Introduction
Insertion sort is a simple and intuitive comparison-based sorting algorithm that builds a sorted portion of the array one element at a time. It works similarly to the way most people sort a hand of playing cards: you pick up one card at a time and insert it into its correct position among the cards you have already sorted.
The algorithm divides the input array into two conceptual regions: a sorted region on the left and an unsorted region on the right. Initially, the sorted region contains only the first element. The algorithm then repeatedly takes the next element from the unsorted region and inserts it into its correct position within the sorted region by shifting larger elements to the right.
Despite its O(n^2) worst-case time complexity, insertion sort is highly efficient for small datasets, nearly sorted data, and as the base case in more advanced hybrid sorting algorithms. It is one of the most practical quadratic-time sorting algorithms and is preferred over bubble sort and selection sort in most real-world scenarios.
"Insertion sort is a simple sorting algorithm that is appropriate for small inputs. Most people can readily understand insertion sort by analogy to sorting a hand of playing cards." -- Thomas H. Cormen, Introduction to Algorithms
How It Works
Basic Approach
Insertion sort processes the array from left to right. For each element, it compares the element with those in the sorted portion and shifts elements to the right to make room, then places the element in its correct position.
- Start with the second element (index 1). The first element is considered already sorted.
- Store the current element in a temporary variable called the "key."
- Compare the key with each element in the sorted portion, moving from right to left.
- Shift elements that are greater than the key one position to the right.
- Insert the key into the position where all elements to its left are smaller or equal.
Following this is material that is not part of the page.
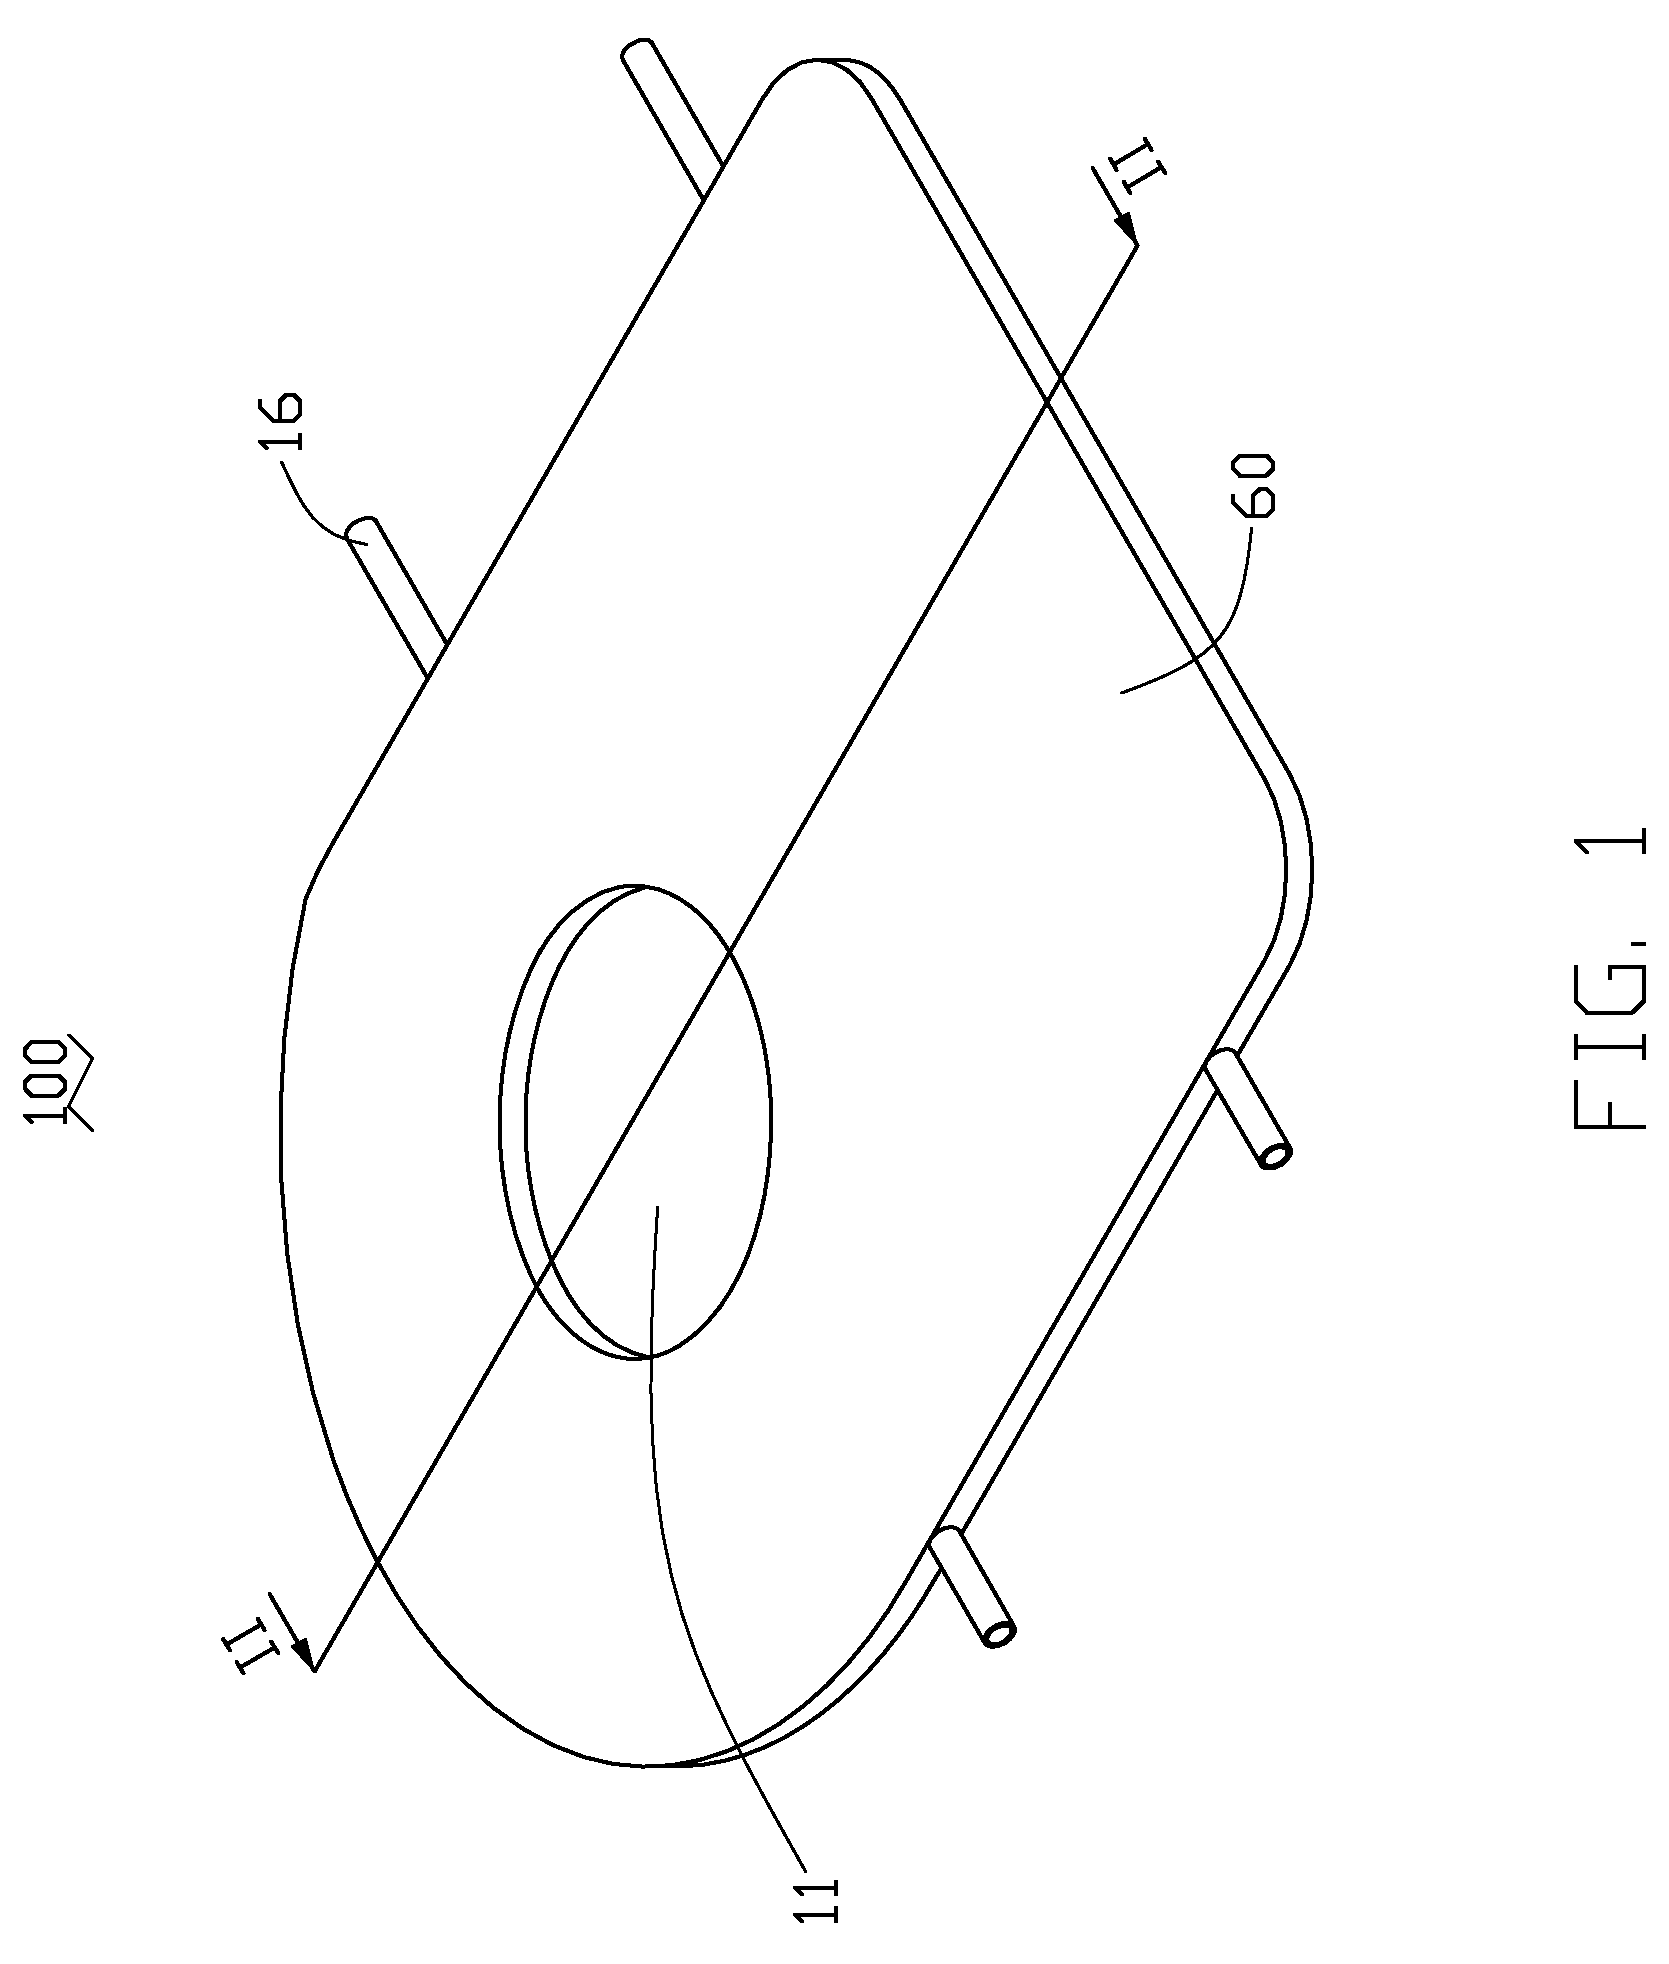 Heat spreader with vapor chamber and method of manufacturing the same

- Repeat for all remaining elements in the unsorted portion.
Visual Intuition
Think of a row of books on a shelf that you want to arrange by height. You start from the second book and compare it to the first. If it is shorter, you slide the first book to the right and place the shorter one in its spot. Then you take the third book and slide it into the correct position among the first two, and so on. Each time you place a book, all the books to its left are already in order.
Algorithm and Pseudocode
procedure insertionSort(A : array of sortable items) n := length(A) for i := 1 to n - 1 do key := A[i] j := i - 1 // Shift elements of A[0..i-1] that are greater than key while j >= 0 and A[j] > key do A[j + 1] := A[j] j := j - 1 end while A[j + 1] := key end forend procedureThe outer loop runs from the second element to the last. The inner while loop shifts elements rightward until the correct insertion point for the key is found. Because it uses > rather than >=, equal elements preserve their original relative order, making the algorithm stable.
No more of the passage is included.